HGT events of 16S RNA gene in other species and putative sources of the transfers based on a comprehensive consideration of similarity patterns, phylogeny, and secondary structure (based on NCSR) are listed in table 1 and supplementary table S1, Supplementary Material online.
Fixed Mutations in the 16S rRNA Gene Also Cause Intragenomic Heterogeneity
Phylogenetic analysis and genome arrangement comparison showed that the 16S rRNA gene intragenomic heterogeneity can be caused by HGT, but other events such as gene mutations may also result in such heterogeneity. The genome of Streptococcus suis JS14 (NC_017618) was found to have four 16S rRNA gene copies, one of which was highly dissimilar to the others with an identity less than 95.8% (supplementary fig. S2, Supplementary Material online). Phylogenetic analysis showed that the divergent copy was located in a long naked branch (supplementary fig. S6z, Supplementary Material online), indicating the lack of a close relative of the copy. The secondary structure analysis further indicated that the divergent 16S rRNA gene copy contained a high ratio of accumulation of substitutions in the stems that influenced the normal structures (supplementary fig. S7, Supplementary Material online), which would lead to malfunctions in the ribosome assemblage (with a relatively high NCSR of 16.0%). Putatively lethal mutations in other 16S rRNA genes have also been identified (shown in table 1 and supplementary table S1, Supplementary Material online) that appeared to have no phylogenetically close relatives. Most of them were located on a long naked branch in the phylogenetic tree (supplementary fig. S6, Supplementary Material online), forming a separate lineage from the closest relatives.
Discussion
In this study, we employed all of the currently available complete genomes to reveal the surprising HGT of heterogeneous 16S rRNA genes and their potential sources of transfer using methods of reciprocal BLAST of multicopy 16S rRNA genes, phylogenetic analysis and genome arrangement comparison. The pairwise similarities of multicopy 16S rRNA genes were visualized with MDS dot plots and the four similarity patterns could be clearly observed. Phylogenetic analysis showed the potential source of the foreign copies, and genome arrangement comparison confirmed the structures of the transferred regions.

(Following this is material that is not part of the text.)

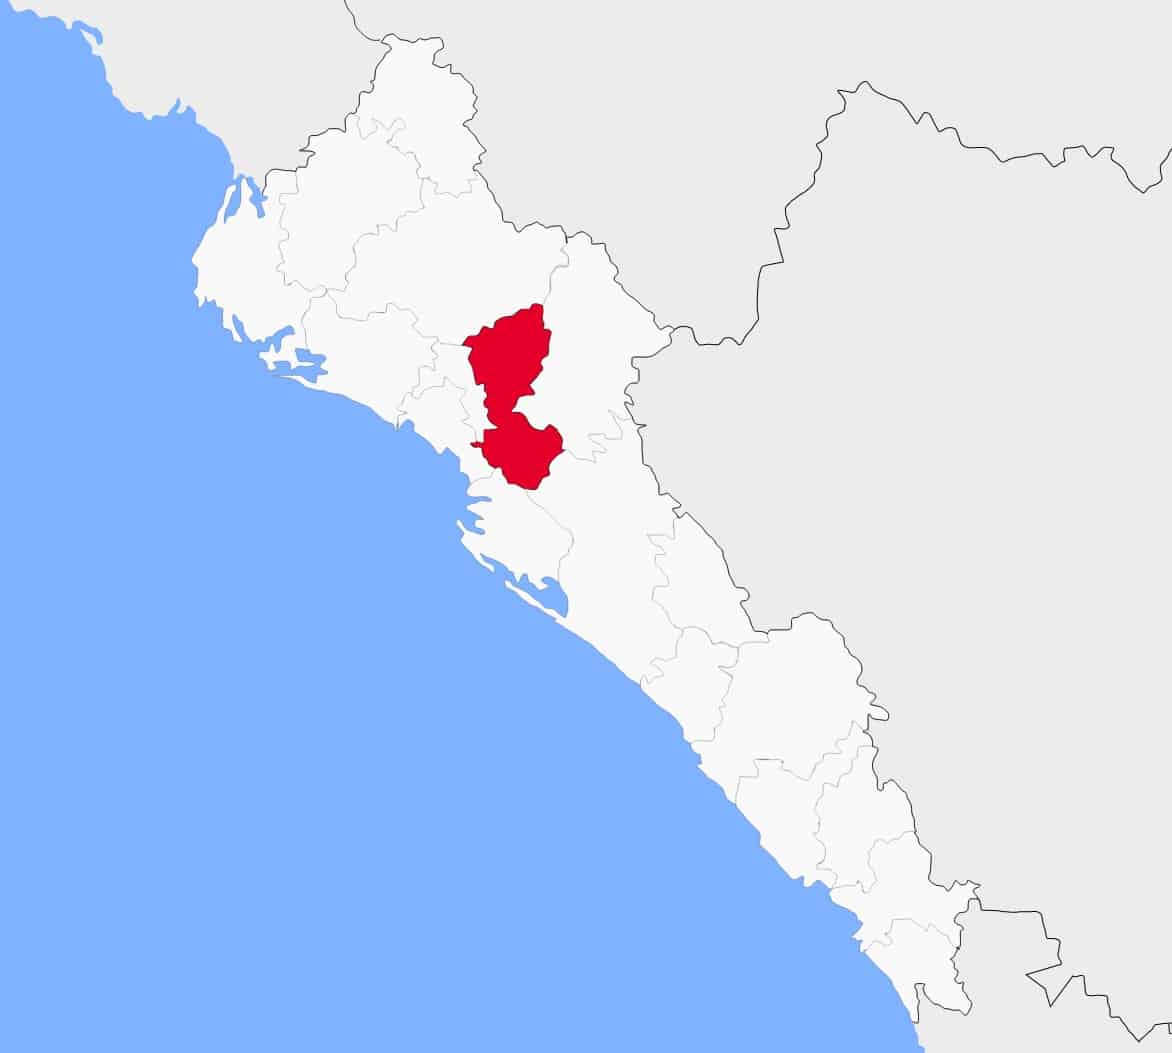 Mapa de Mocorito en el estado de Sinaloa. Imagen tomada de internet.
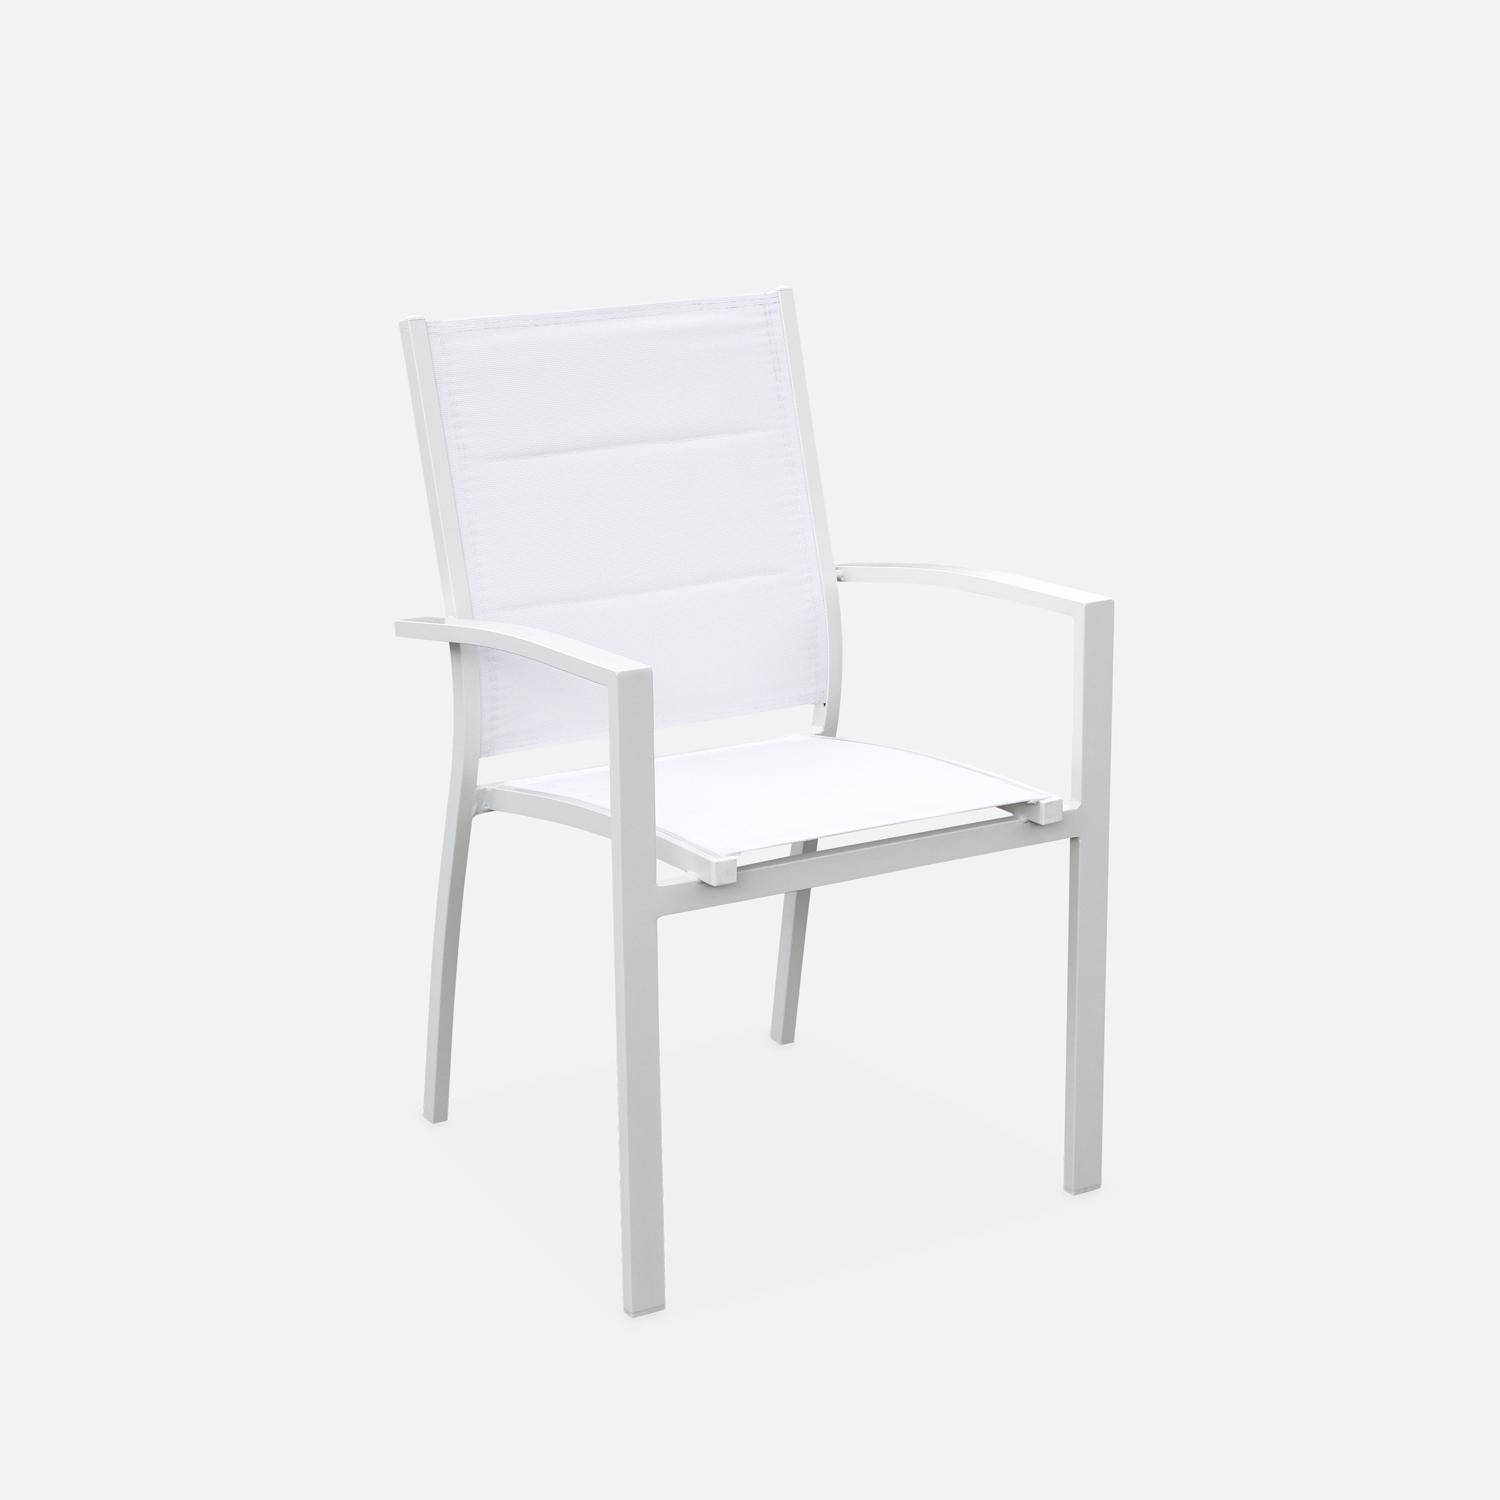 Salon de jardin - Chicago Blanc / Blanc - Table extensible 175/245cm avec rallonge et 8 assises en textilène Photo6

It is well known that C. trachomatis is a pathogen that causes trachoma and sexual diseases, and C. suis causes conjunctivitis, enteritis, and pneumonia in swine. Chlamydia has recently attracted increasing research interest because of its harmful effects in clinical cases (Bachmann et al. 2014). In this study, more than 80 Chlamydia strains were analyzed, and four strains of C. trachomatis were found to have 16S rRNA genes that had been transferred from C. suis. HGT of functional genes such as antibiotic resistance genes between C. trachomatis and C. suis (Suchland et al. 2009) has been found, but never of ribosomal RNA genes. In this study, the four strains were generated by cross experiment using parental strains of C. trachomatis and C. suis (Jeffrey et al. 2013), and represented an experimental case among the other natural cases of HGT of 16S rRNA gene. The rRNA gene operon was transferred together with the genomic island containing the tetracycline resistance genes and a transposase coding gene. The insertion site was located immediately adjacent to one of the native rRNA operons (fig. 4), suggesting a recombination hot spot of the genome. The co-occurrence of the transfer of the rRNA gene operon and the tetracycline resistance genes suggested that the translation of the tetracycline resistance proteins might require a ribosome of the same host strain.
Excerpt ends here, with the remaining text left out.